> _Problem description_
Return the data below exactly, minus the pictures.

> _Material provided_

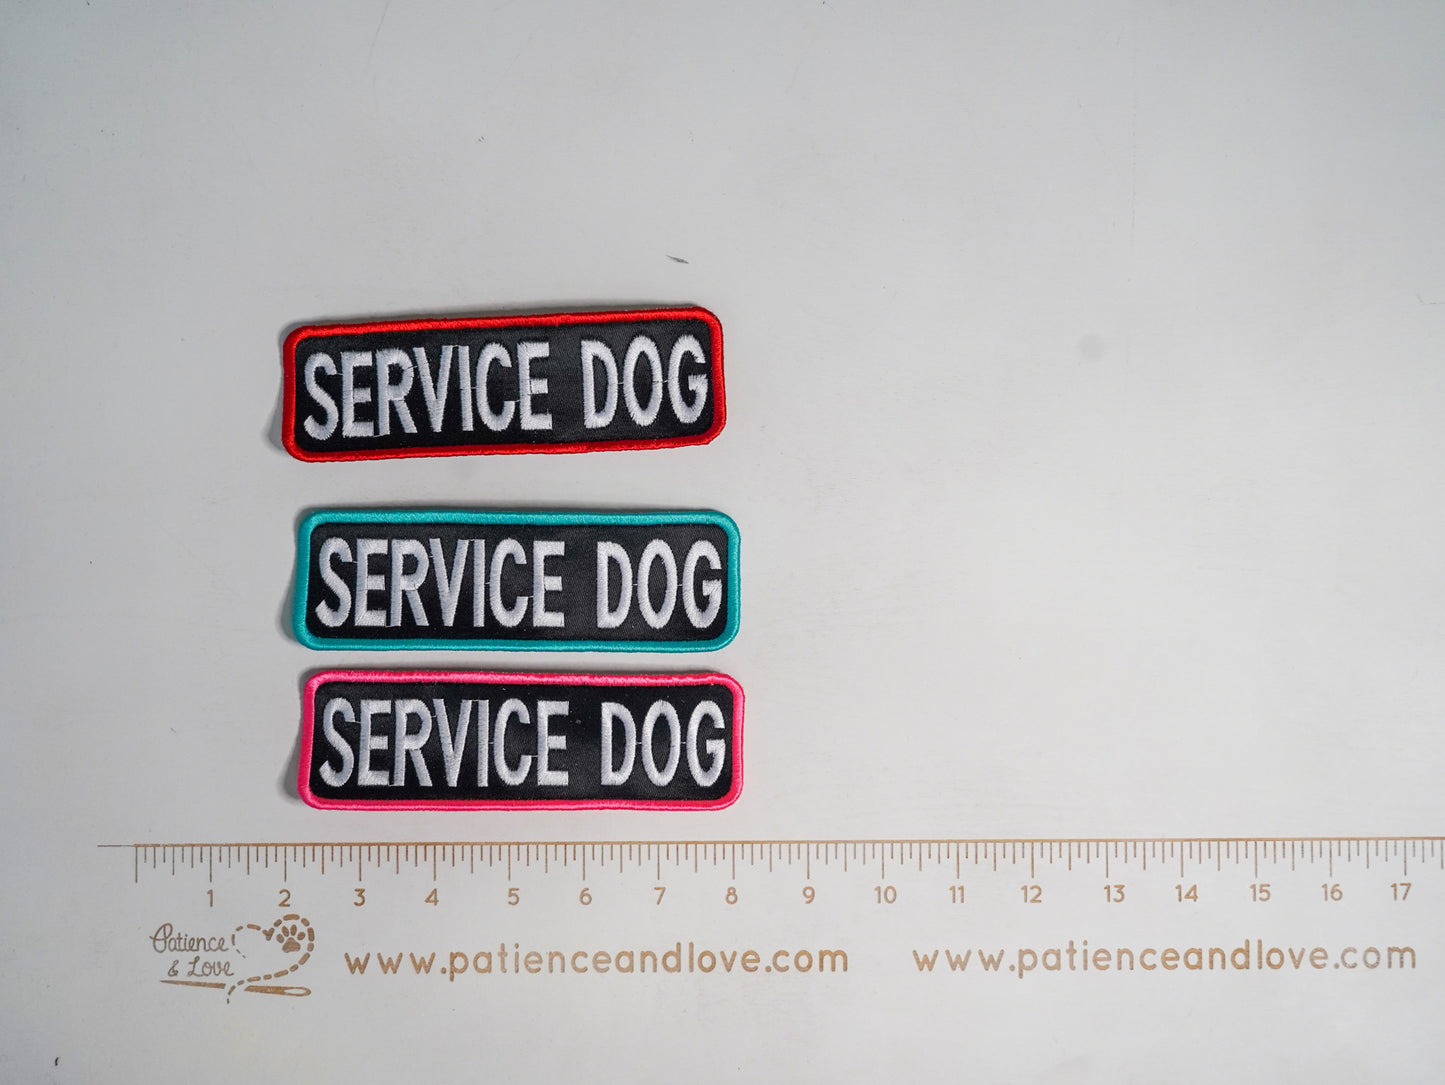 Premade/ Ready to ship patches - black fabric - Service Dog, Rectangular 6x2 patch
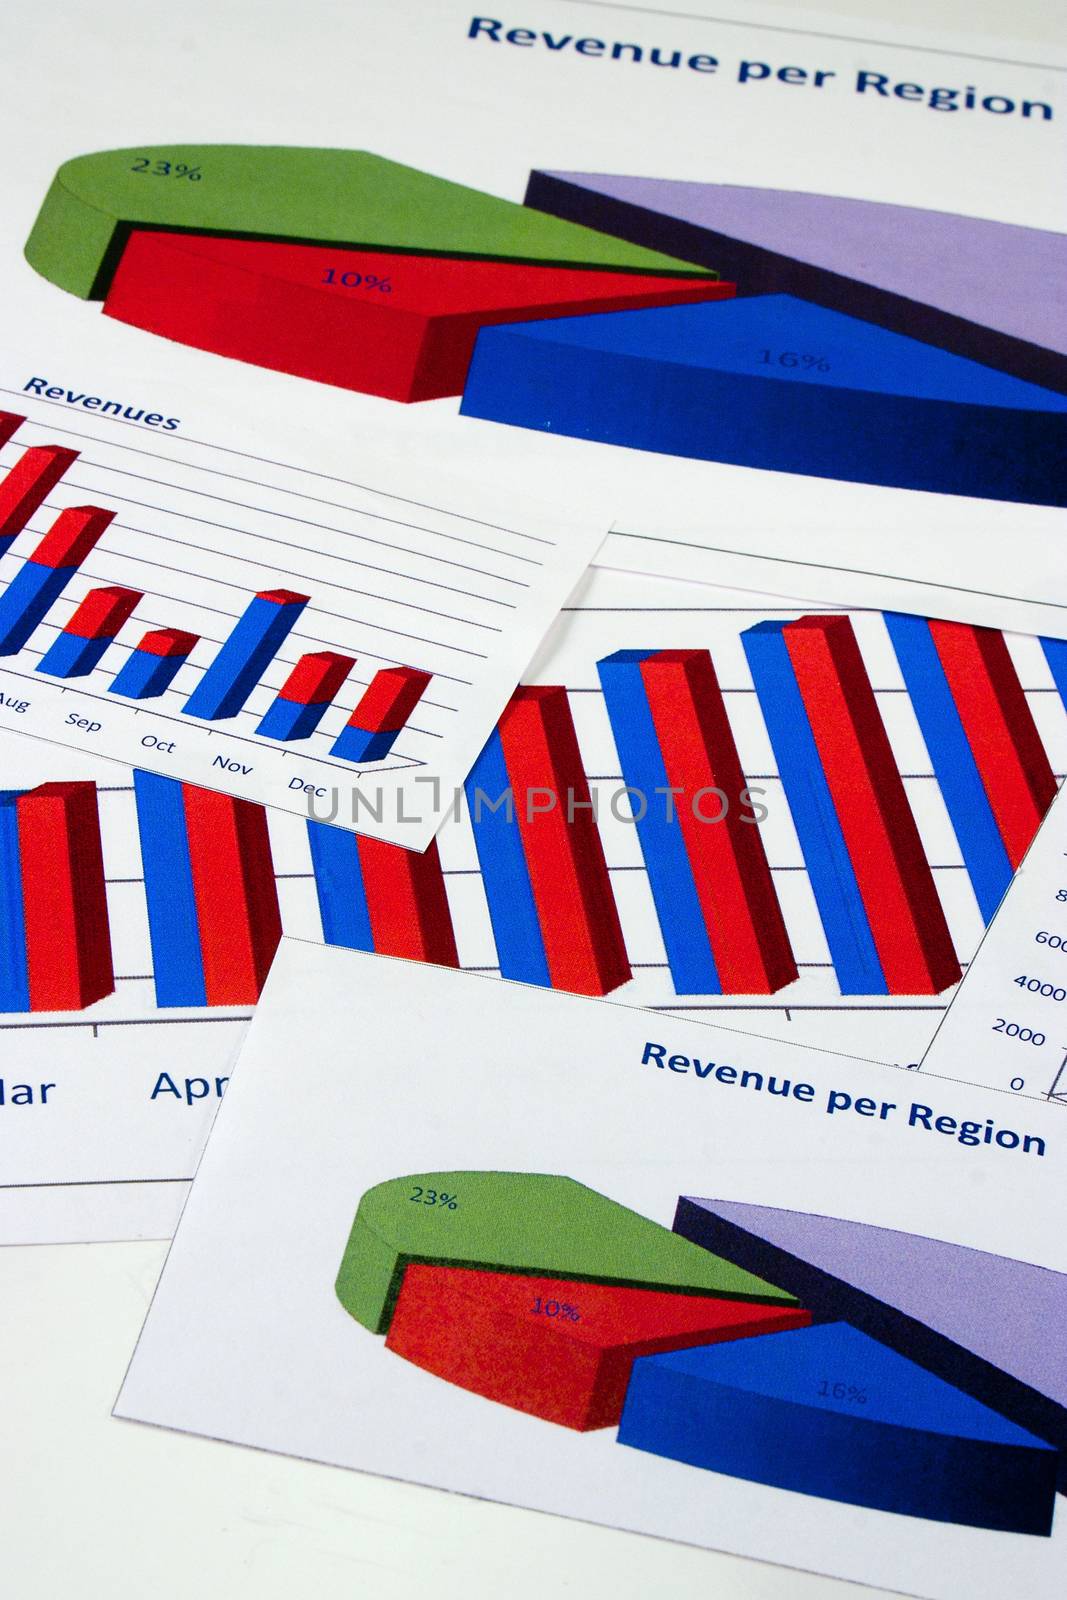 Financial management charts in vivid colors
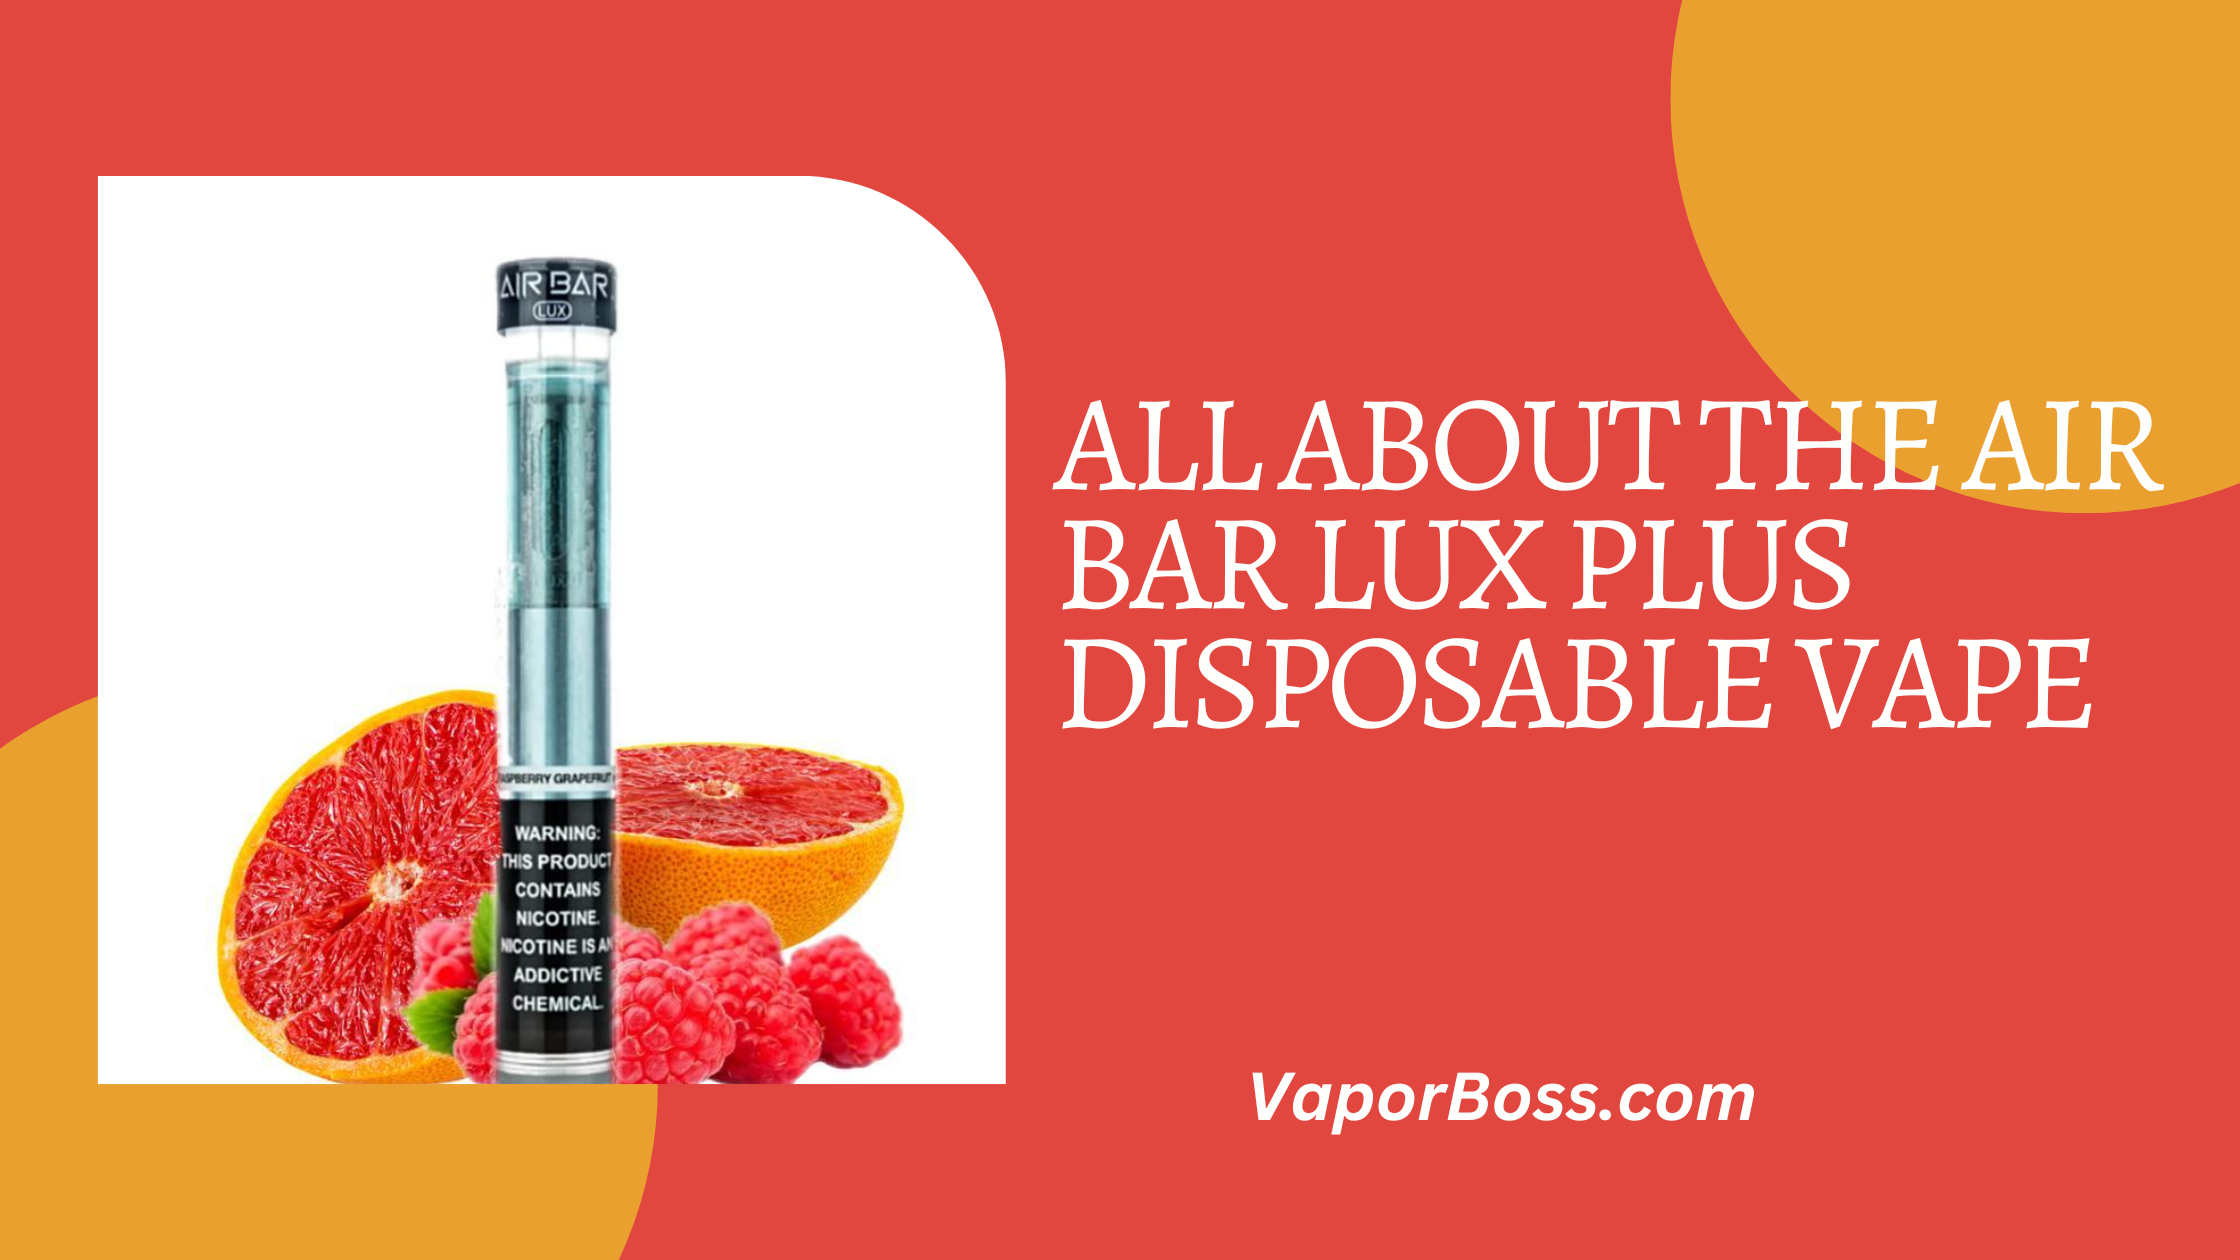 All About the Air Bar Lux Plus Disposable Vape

> _Task solution_
 Premade/ Ready to ship patches - black fabric - Service Dog, Rectangular 6x2 patch
 Financial management charts in vivid colors
 All About the Air Bar Lux Plus Disposable Vape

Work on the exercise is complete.